Here, the line between employee listening and ‘big brother is watching you’ potentially is a fine one. Who says companies won’t use the data they (secretly) gather from their employees against their employees? Whether it be an employee sharing with a colleague that they’re mentally not very well or perhaps that they’re interviewing elsewhere, what if the company decided to let these people go because of this?
Or, let’s take things one step further even. Imagine if companies use the data they gather from wearable devices such as Fitbit against their people. What if some people don’t get to those infamous 10,000 steps a day for a certain period of time? Will they then end up in a database of employees’ ‘at risk’ because, according to their Fitbit, they’re not active enough? And what consequences will this have for them?
There are some serious concerns with these kinds of employee listening techniques simply because the interest of a (large) organization isn’t always aligned with that of its people. And because there are countless examples already of how large corporations abuse people’s data or, at the very least, aren’t fully transparent about what they do with it.

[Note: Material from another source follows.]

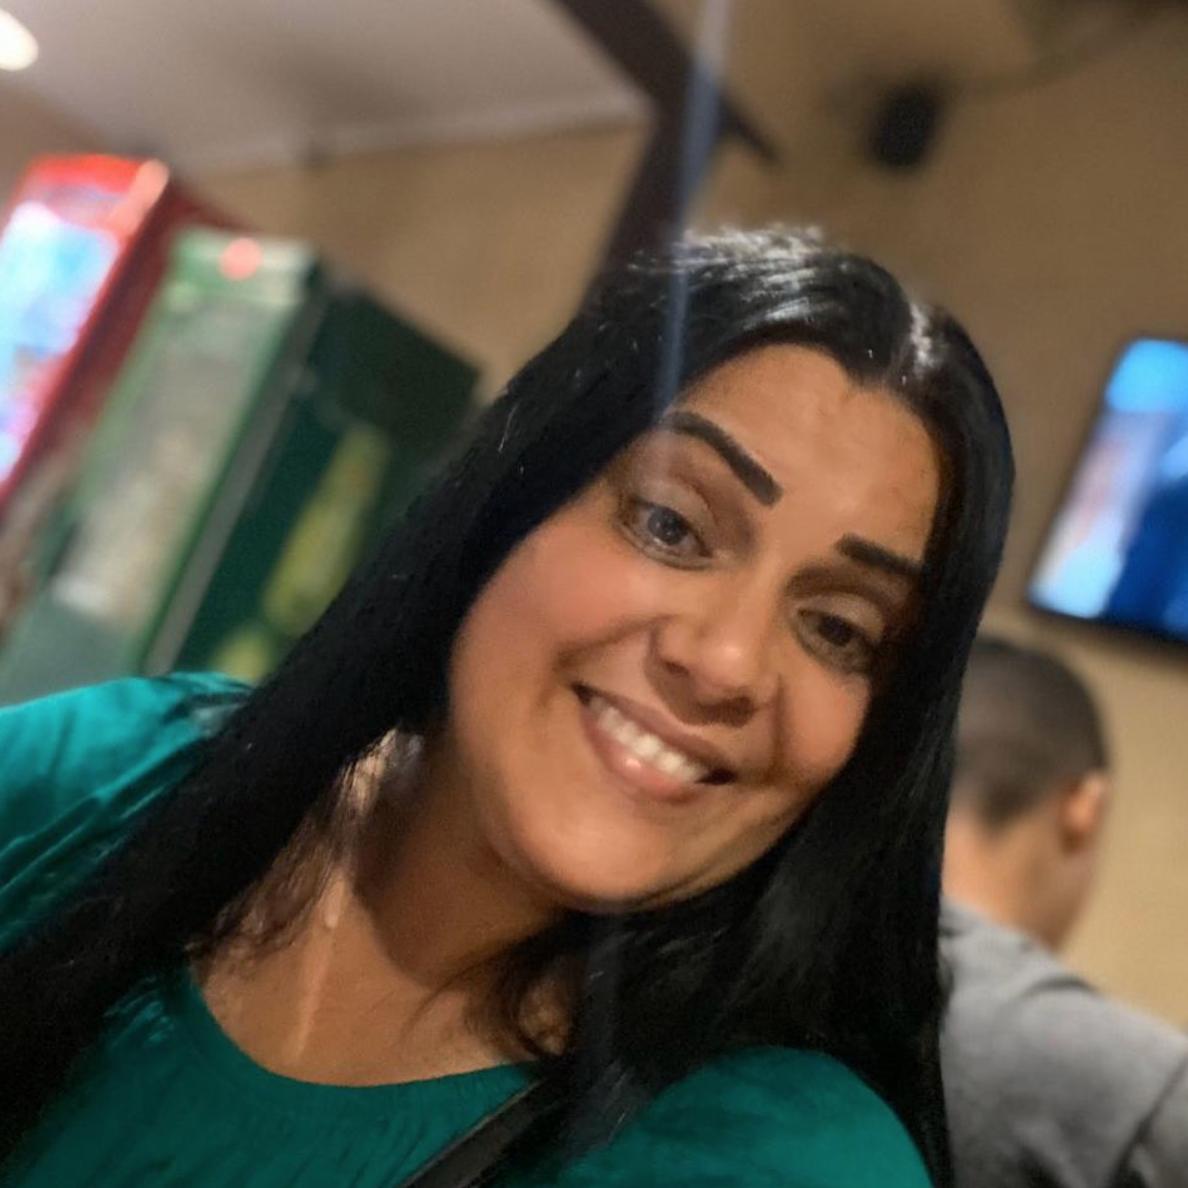 Cintia Oliveira

When you’re developing an employee listening strategy, make sure to consider the ethics of employee listening. Ask yourself: How do we ensure an organization doesn’t misuse the data it collects from its employees? How can we protect employees from this?
A final word
Having an employee listening strategy is key to driving a positive change within your organization and retaining your employees. By putting a strategy in place, you’re turning feedback into a valuable resource for improving your workplace.